The myth that African Americans are superior athletes to whites is racist, and it would have been supported by eugenicists who were on a futile mission to make African Americans out to be inferior to whites. In the PBS documentary episode “The Difference Between Us,” from the series Race: The Power of an Illusion, the racist myths about African American athleticism is addressed candidly. The documentary explains how the racist myth formed from the eugenic principles that African Americans resemble the primitive human species biologically. Eugenicists aimed to biologically define race, which was a means to keep the racial hierarchy intact and undisturbed. Therefore, the necessity to explain the athleticism of African Americans became of utmost importance, hence the adoption and spread of myth on African American athleticism. 

The United States history of African Americans being experimented on is undertaken in the work of Harriet A. Washington’s book, “Medical Apartheid”. In her chapter, “Circus Africanus” Washington confronts the past displays of African American bodies and the racist purpose of these inhumane displays. One particular person she speaks on is Ota Benga. Benga was taken as a slave and was sold to William T. Horndady who caged Benga in a zoo with monkeys, of who he believed was more biologically similar to than of his own being. The magazine of Scientific America had the same racist consensus as Hornaday, for they expressed that “the congo pygmies…exhibit many ape-like features in their bodies” (Washington 76). Exhibits like the one Benga was entrapped in were founded to rally support for the eugenic, creationism defense that African Americans are biologically inferior to whites. In the novel and the movie, the entrapment of the specific characters in the stories are symbolic of the eugenics creationist defense. Chris is taken hostage for the white bidder’s selfish and criminal motives, who sees Chris as a dispensable human being. 
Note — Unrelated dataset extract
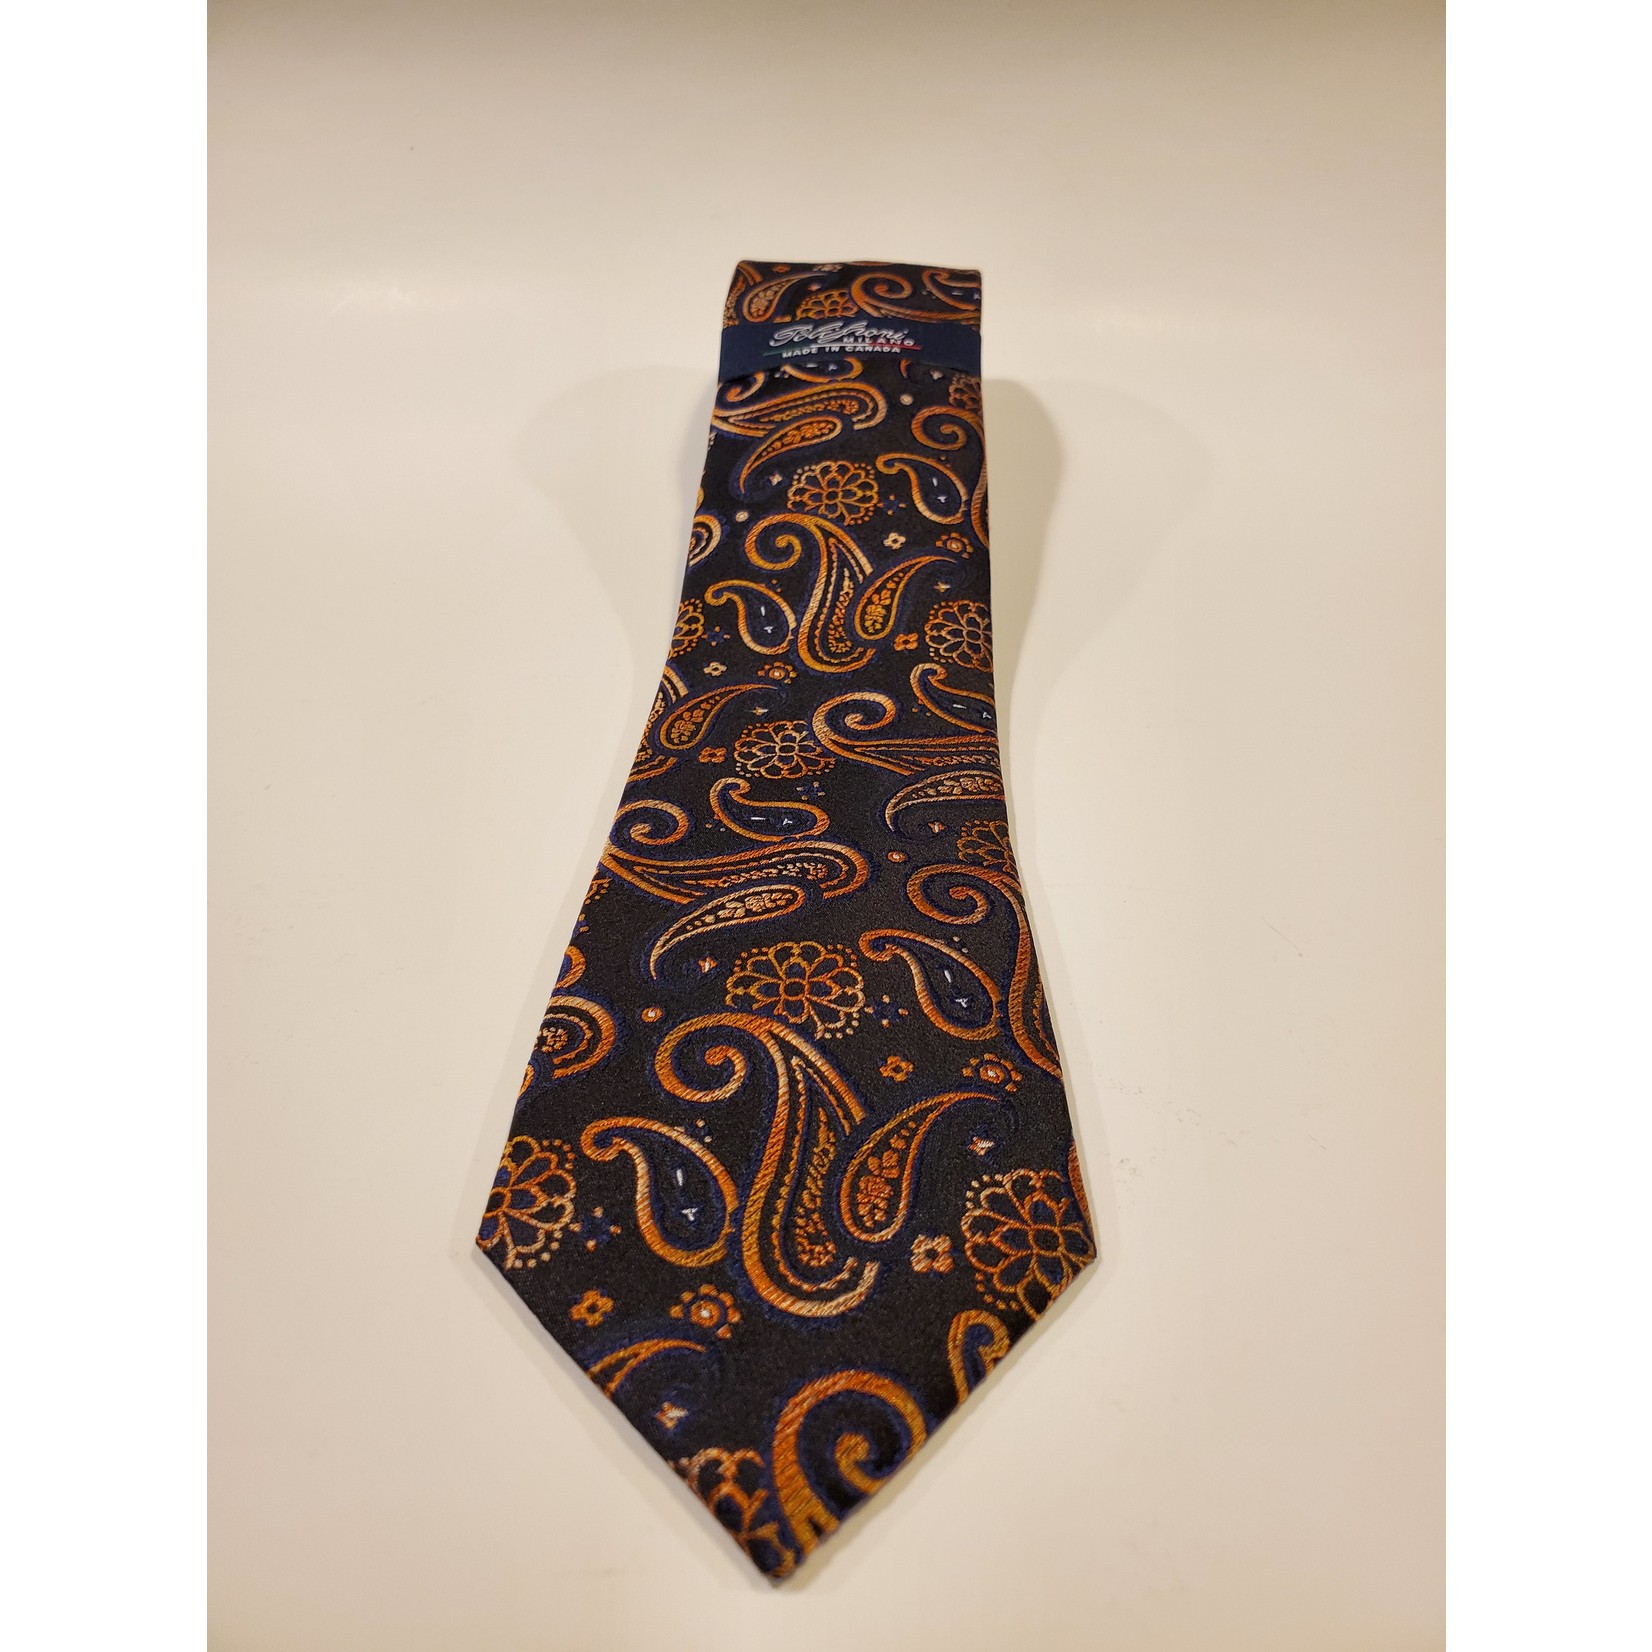 Serica 201964 Jacquard Silk Tie A - Orange/ Black Paisley
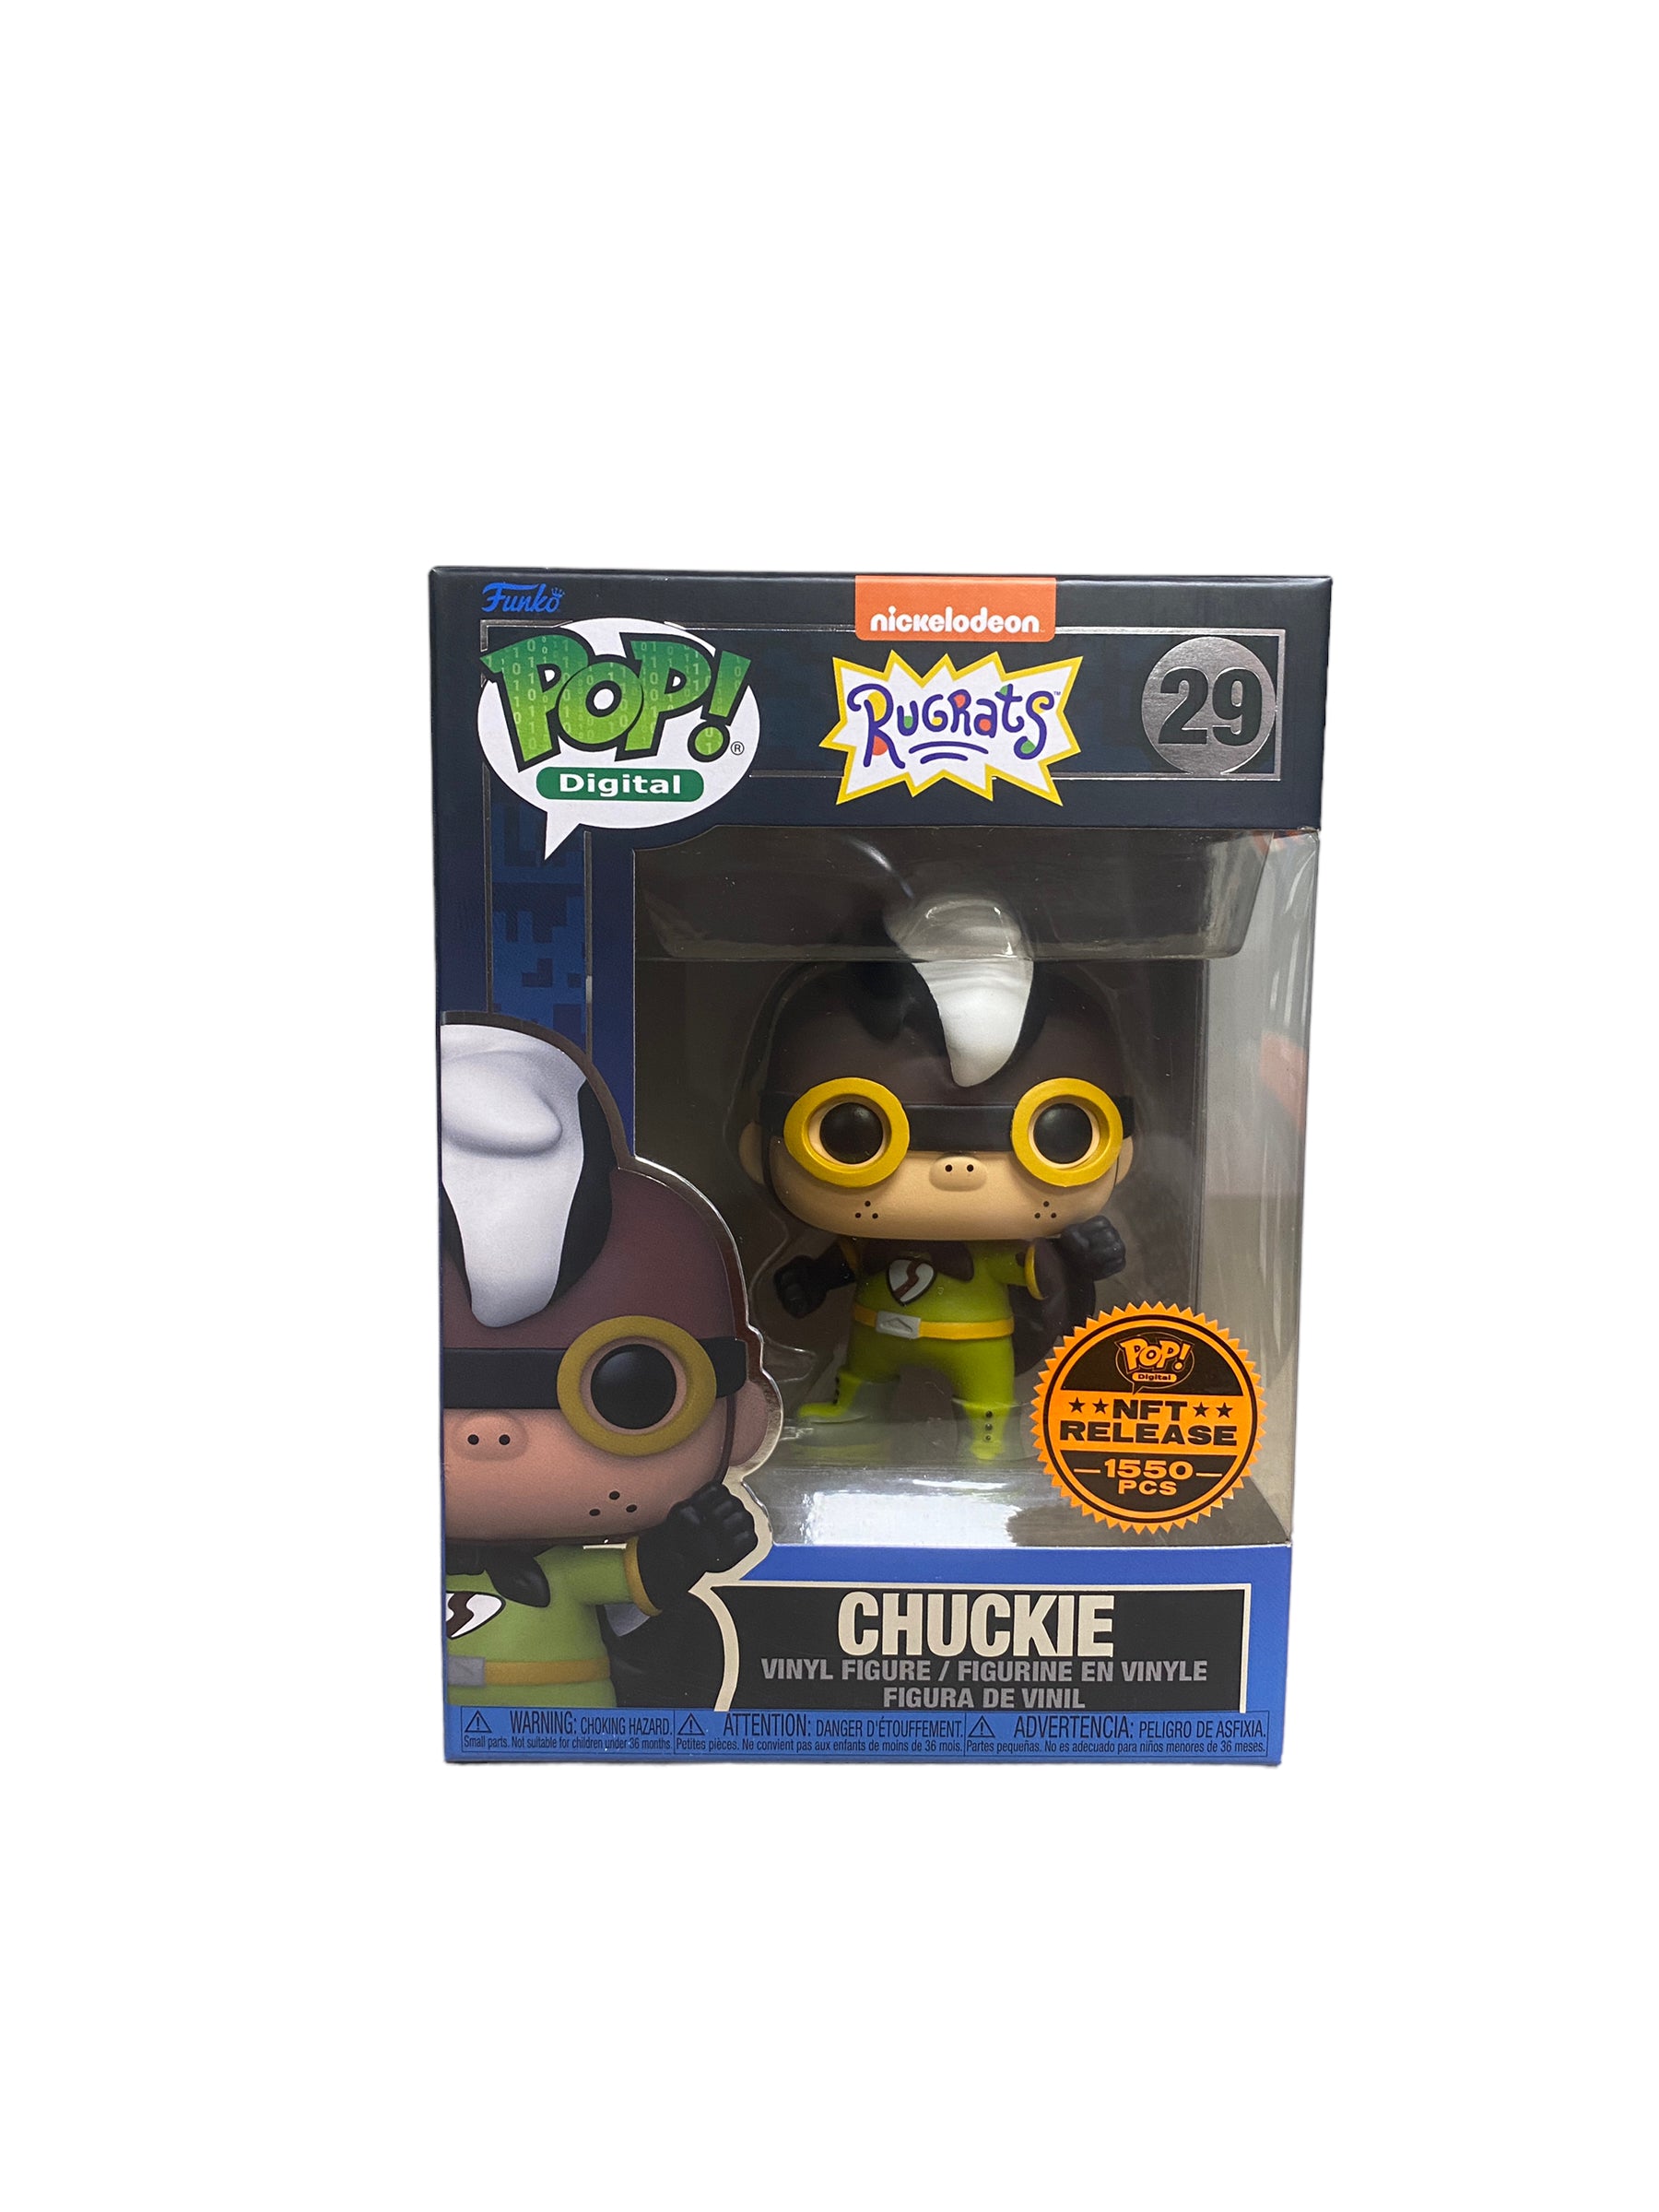 Chuckie #29 Funko Pop! - Rugrats - NFT Release Exclusive LE1550 Pcs - Condition 8.5/10

The first time I watched Get Out was over the summer, and I most certainly did not understand that there was a historical basis for the medical exploitation that was central to the film. My second screening of the film was over the Thanksgiving break. Giving that this semester is coming to a close, I had the secondary material from this class in my head, which I was able to apply to the historical underpinnings of the film that lead to its creation. As more mediums of communication address racism, a wider audience is bound to take notice and learn more about the history of racism that is and was in our country. The entrapment scenes in both the mediums addressed above reflect a main point of criticism; that medical experimentation on African Americans is just another form of enslaving the African American body. Freedom of the African American body within the context of medical experimentations is unrealizable.